Another class of medications called statins, used to treat high cholesterol, are recognized to have significantly potent anti-inflammatory effects as well. In fact, these medications are not only effective in reducing the incidence of heart attacks in patients with high cholesterol, they are also being studied in the treatment of Alzheimer’s disease and sickle-cell anemia.
What can we do to combat inflammation, obesity and chronic disease?

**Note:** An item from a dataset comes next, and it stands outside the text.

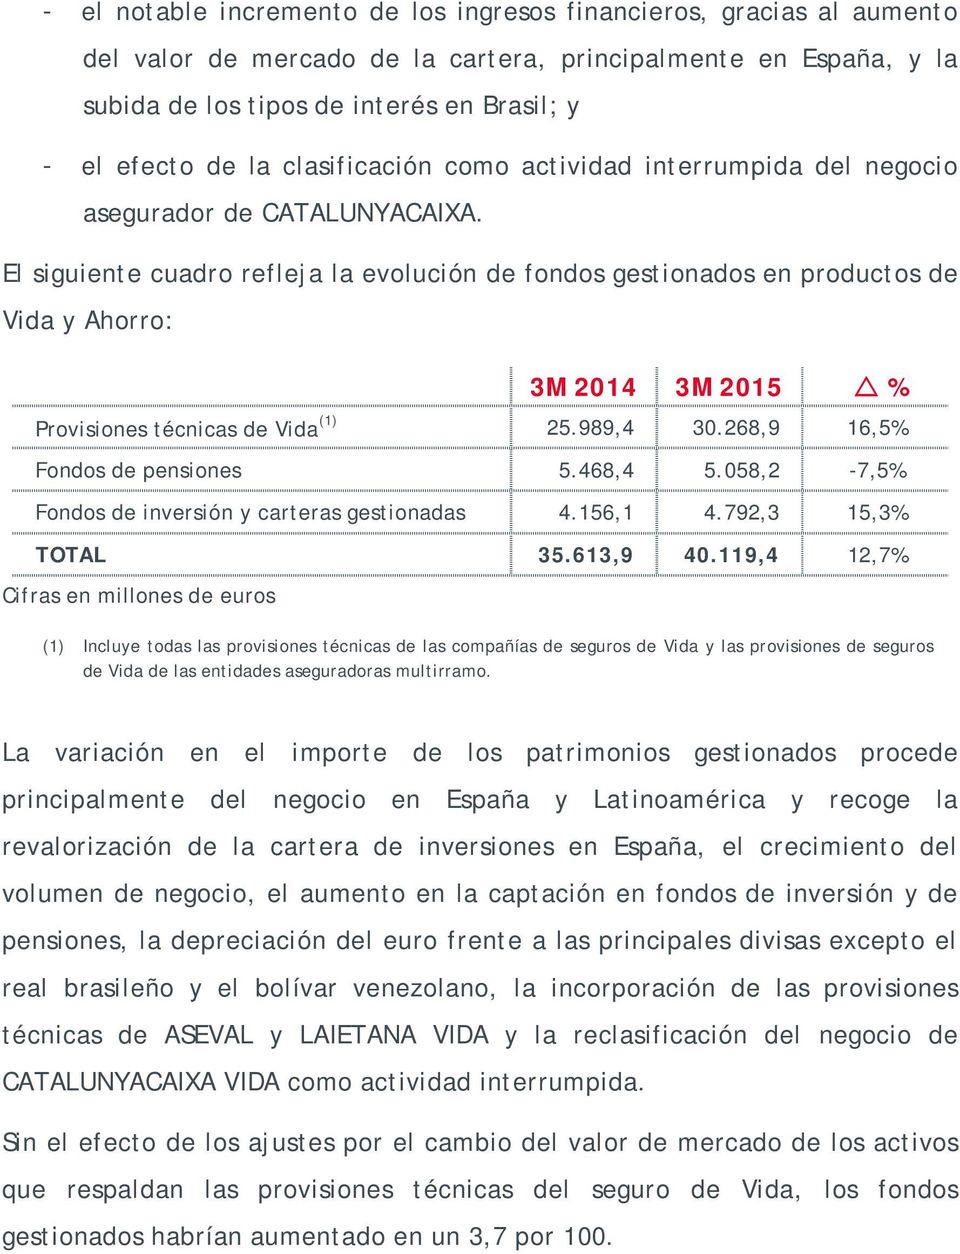 El siguiente cuadro refleja la evolución de fondos gestionados en productos de Vida y Ahorro: 3M 2014 3M 2015 % Provisiones técnicas de Vida (1) 25.989,4 30.268,9 16,5% Fondos de pensiones 5.468,4 5.

As research continues, new treatments will increasingly focus on combating the underlying process of inflammation that contributes to our modern epidemics of obesity, type 2 diabetes, heart disease and depression. However, research is already confirming the powerful benefits of anti-inflammatory and anti-oxidant supplements and foods. Per haps the most compelling results come from studies showing how an increase in Omega-3 fatty acids in our diet, coupled with a decrease in sugar and saturated fat from red meat and full-fat dairy, such as cheese, can dramatically reduce chronic inflammation. Several startling laboratory discoveries examining the role of omega-3 have been made over the past decade. For starters, diets high in omega-6 fatty acids (found in grains, eggs and red meat) and low in omega-3 fatty acids are associated with higher levels of circulating PE-2, a potent pro-inflammatory cytokine, according to a study from the American Journal of Clinical Nutrition published in 2000. It has also been observed that an over consumption of omega-6 fatty acids in the form of egg yolks, meat and other animal products, promotes the entire chronic inflammatory cascade because of higher circulating levels of arachidonic acid (AA). AA is actually one form of omega-6 fatty acid. Further studies confirm that EPA, one of the omega-3 fatty acids found in fatty cold water fish, is a competitive inhibitor of the conversion of AA to PE-2. Therefore, the entire inflammatory cascade can be dampened by consuming omega-3 fatty acids. Omega-3 fatty acid has also been shown to block the release of a protein called SREBP-1. This protein switches on a gene which codes for the release of a substance called fatty acid synthase. By blocking the production of fatty acid synthase, less energy is stored as fat and more is stored as glycogen in the liver. This stored glycogen can then be used for immediate energy needs. When less energy is stored as fat, less chronic inflammation is observed, as we have outlined above. Furthermore, omega-3 fatty acids are also known to bind to receptors in our cell walls called PPAR’s. Once bound, a gene is activated that turns on a substance called uncoupling protein-3, which causes us to burn more energy in the form of heat (called thermogenesis) after we consume a meal containing these essential fatty acids.
Other anti-oxidant and anti-inflammatory foods and supplements have also been found to dampen the chronic inflammatory response and treat many chronic diseases. Further discussions or handouts will review some of the exciting research around supplements such as CLA, CoQ-10, chromium and glutamine, as well as regular exercise and how they can all aid in our defense against chronic inflammation and disease.